→ **Task prompt**: Below are records with pictures. Reproduce exactly the lines from the line with "Beautiful-colorful-Flat-icons-set-preview" to the line with "26 Inch Swivel", inclusive, and leave each picture out.

→ **Dataset records**:
________________________

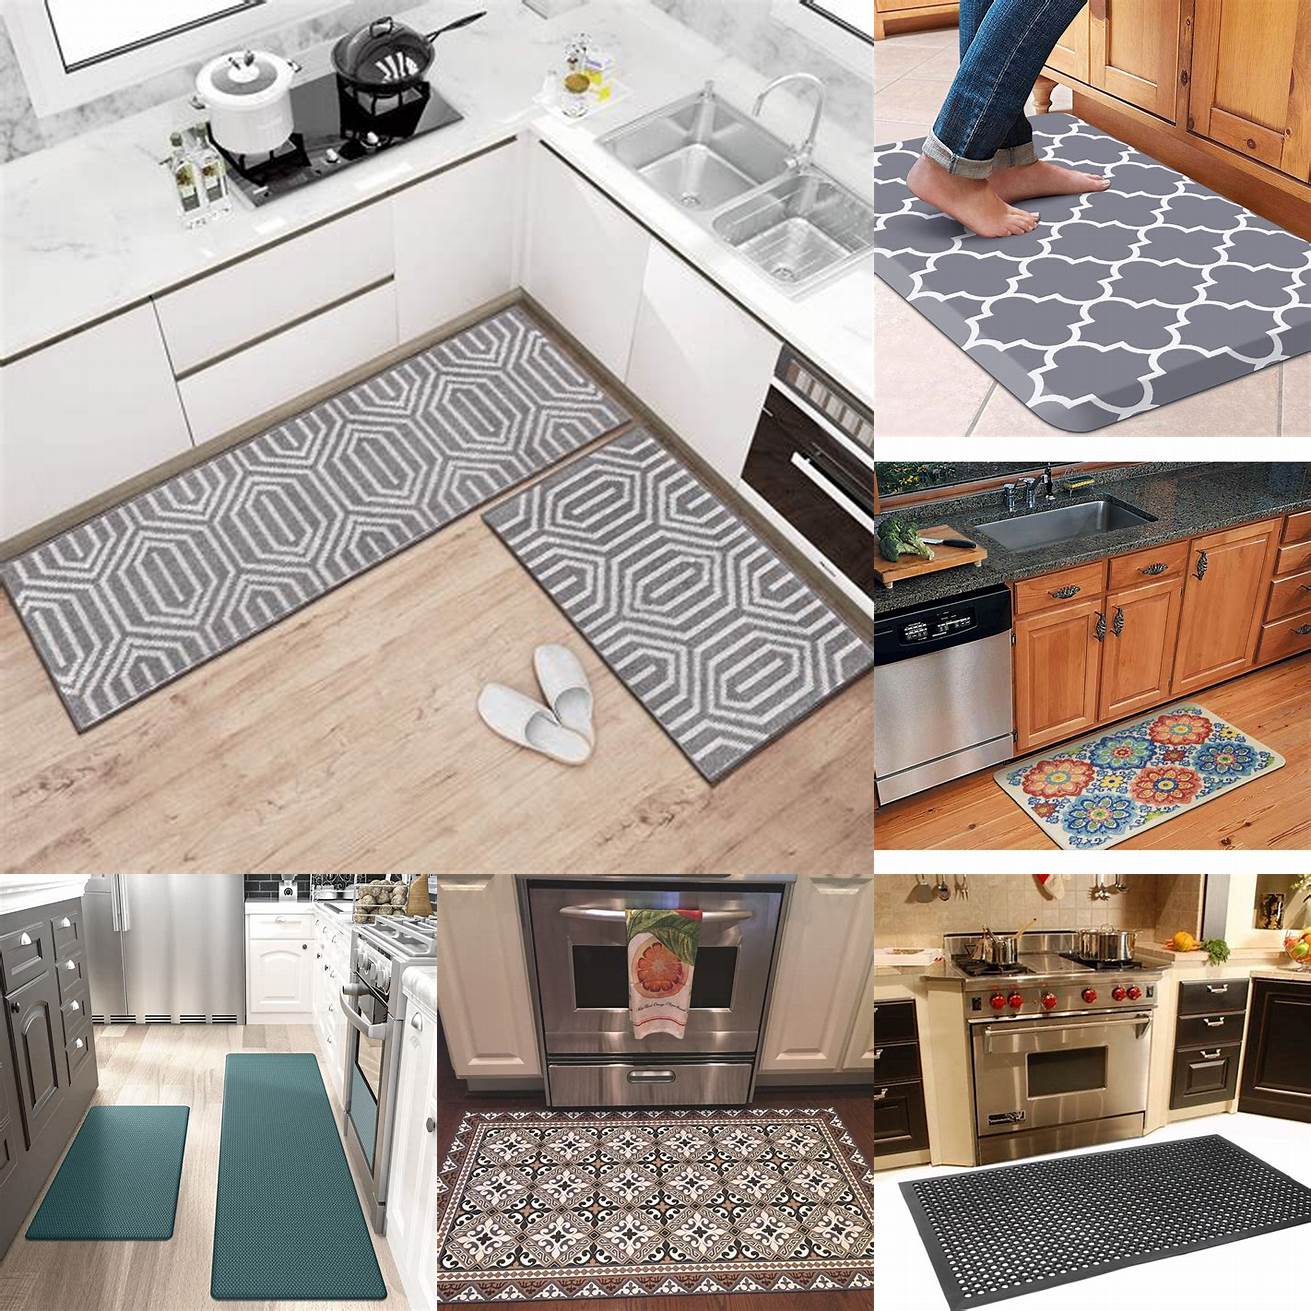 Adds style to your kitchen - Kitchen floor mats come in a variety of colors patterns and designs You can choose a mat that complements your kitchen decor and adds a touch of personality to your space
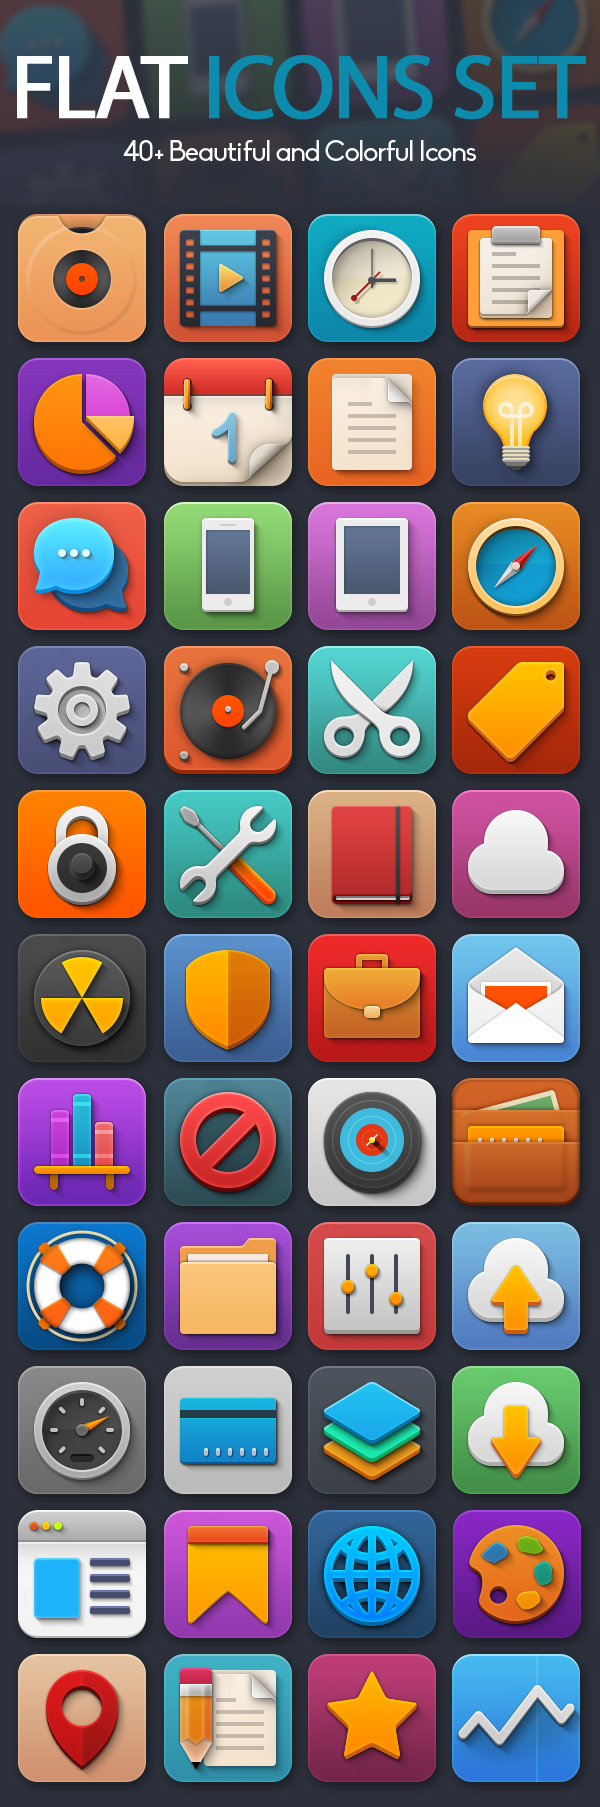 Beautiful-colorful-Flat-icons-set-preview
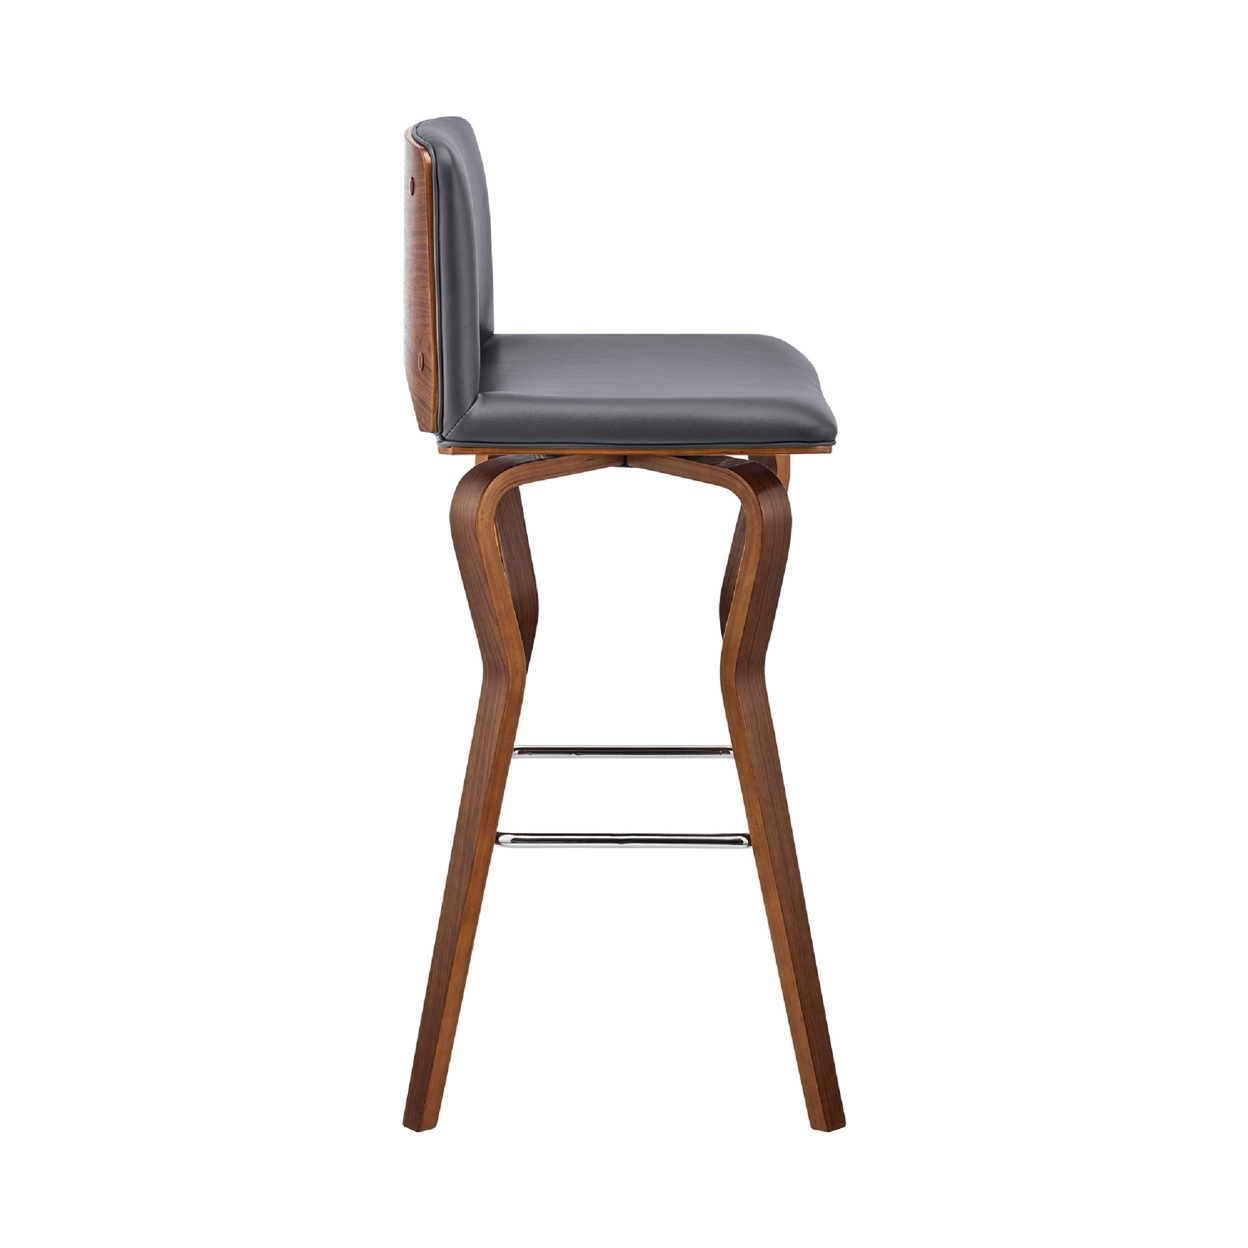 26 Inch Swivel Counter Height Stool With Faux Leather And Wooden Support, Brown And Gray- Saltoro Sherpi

________________________

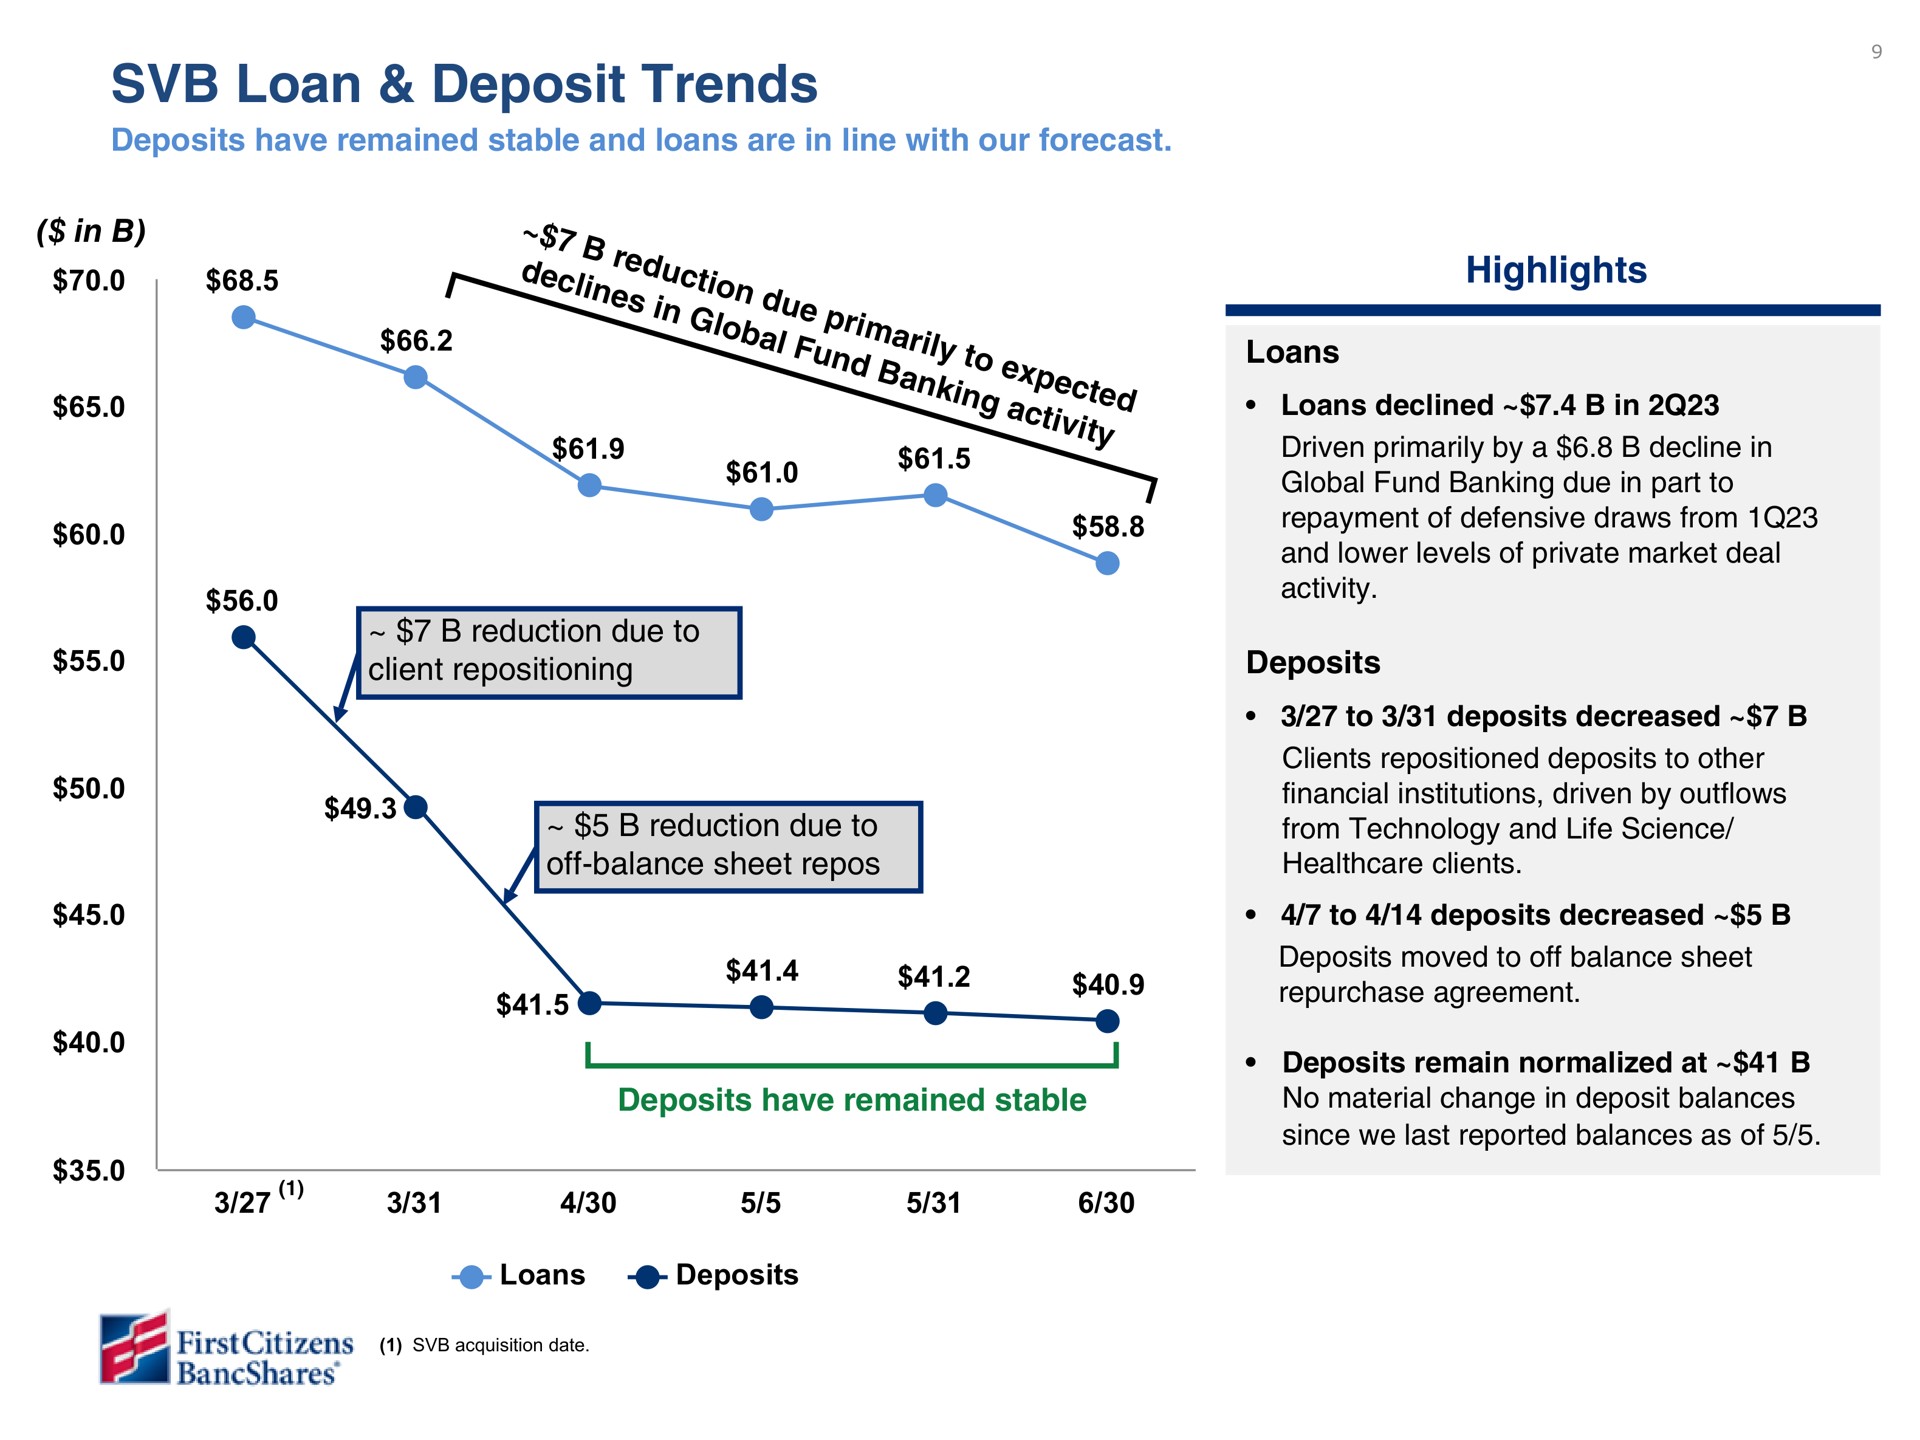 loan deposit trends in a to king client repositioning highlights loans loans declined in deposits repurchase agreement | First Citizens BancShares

________________________

→ **Result for this task**:
 Beautiful-colorful-Flat-icons-set-preview
 26 Inch Swivel Counter Height Stool With Faux Leather And Wooden Support, Brown And Gray- Saltoro Sherpi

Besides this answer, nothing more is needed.